=== MATERIALS PROVIDED ===
>>>>

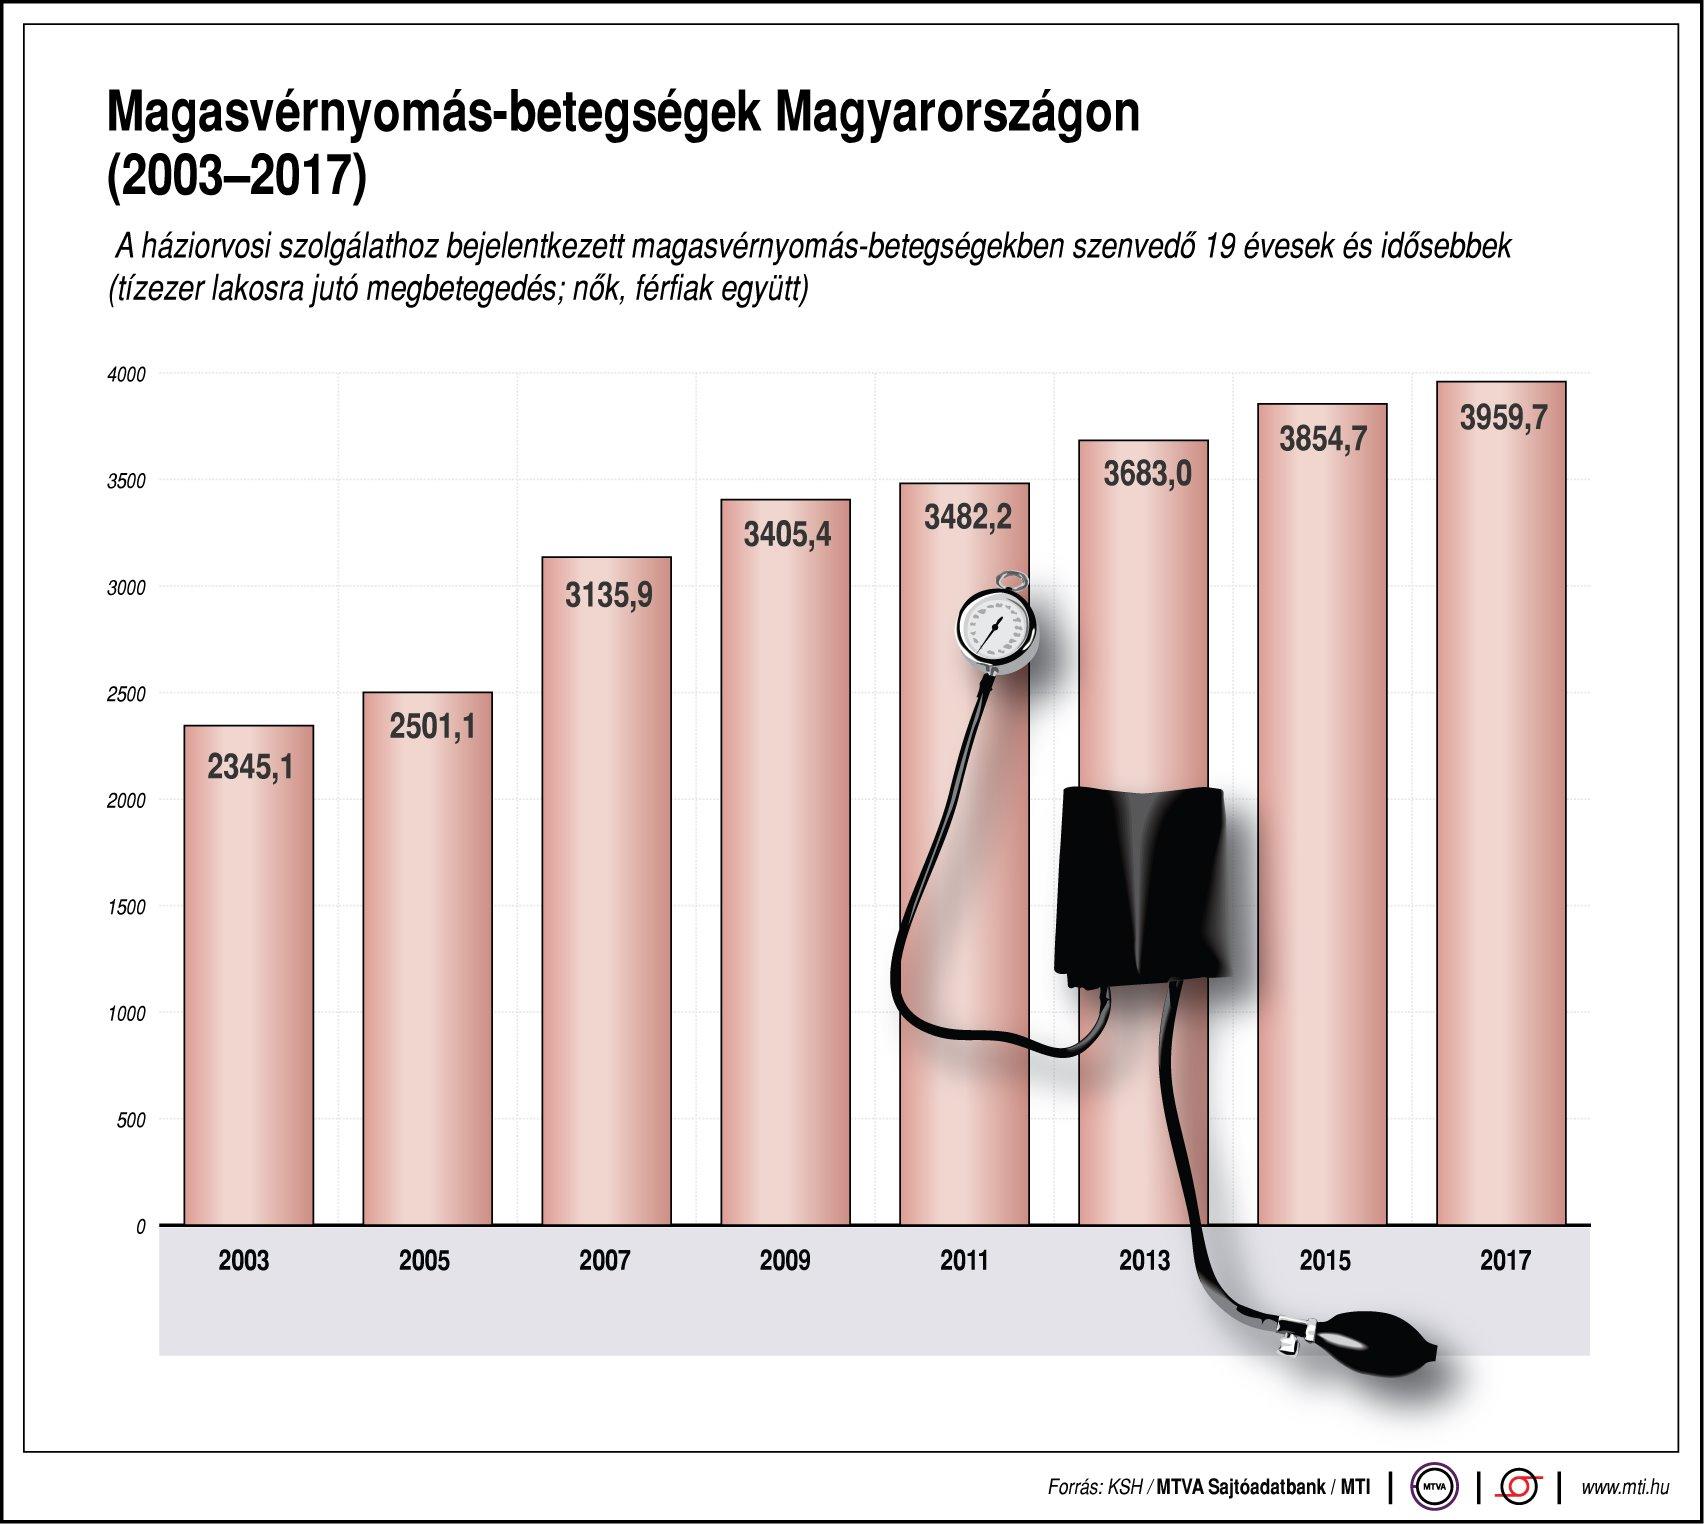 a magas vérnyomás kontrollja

<<<<
>>>>

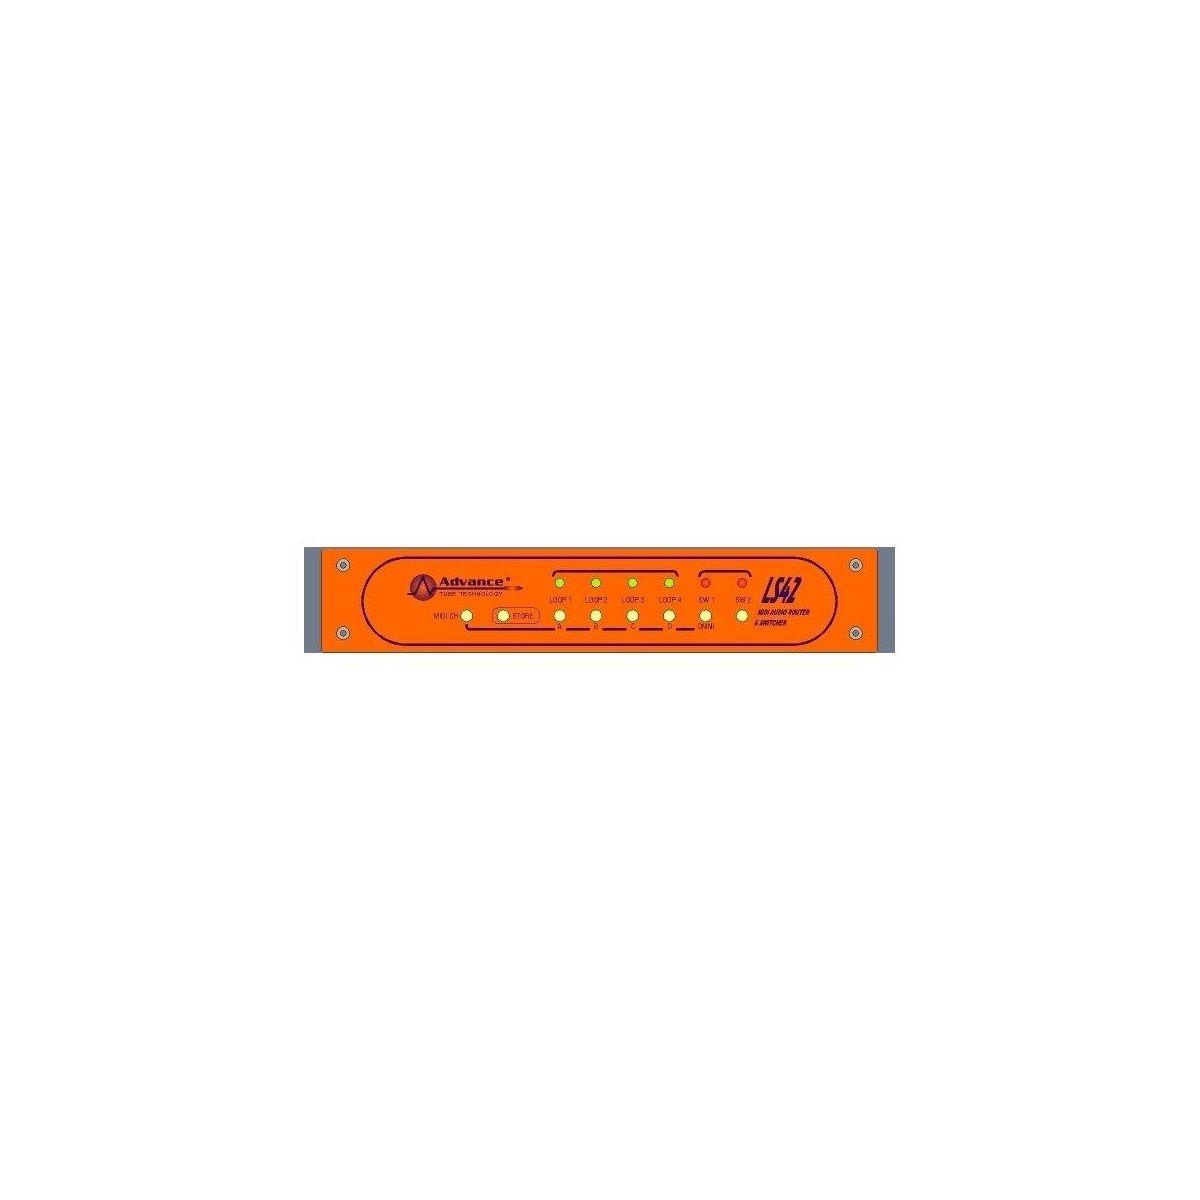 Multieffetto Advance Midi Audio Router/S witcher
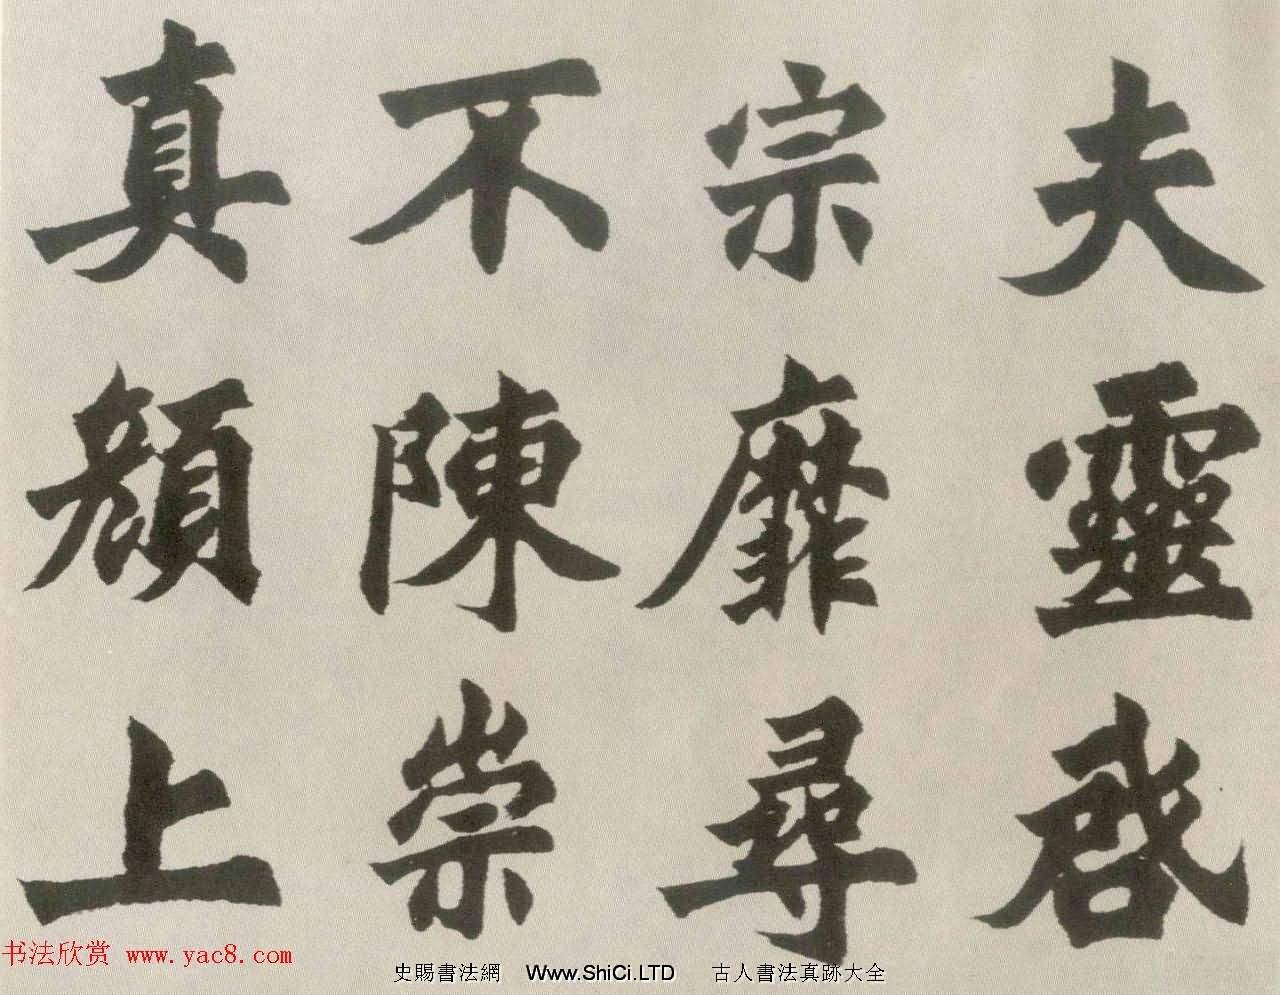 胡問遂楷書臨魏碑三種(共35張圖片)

<<<<

=== WHAT YOU SHOULD DO ===
When you reach the line that has "Multieffetto Advance Midi" in the data above, start repeating lines exactly, and stop after the line that has "胡問遂楷書臨魏碑三種(共35張圖片)"; pictures stay out.

=== SOLUTION ===
 Multieffetto Advance Midi Audio Router/S witcher
 胡問遂楷書臨魏碑三種(共35張圖片)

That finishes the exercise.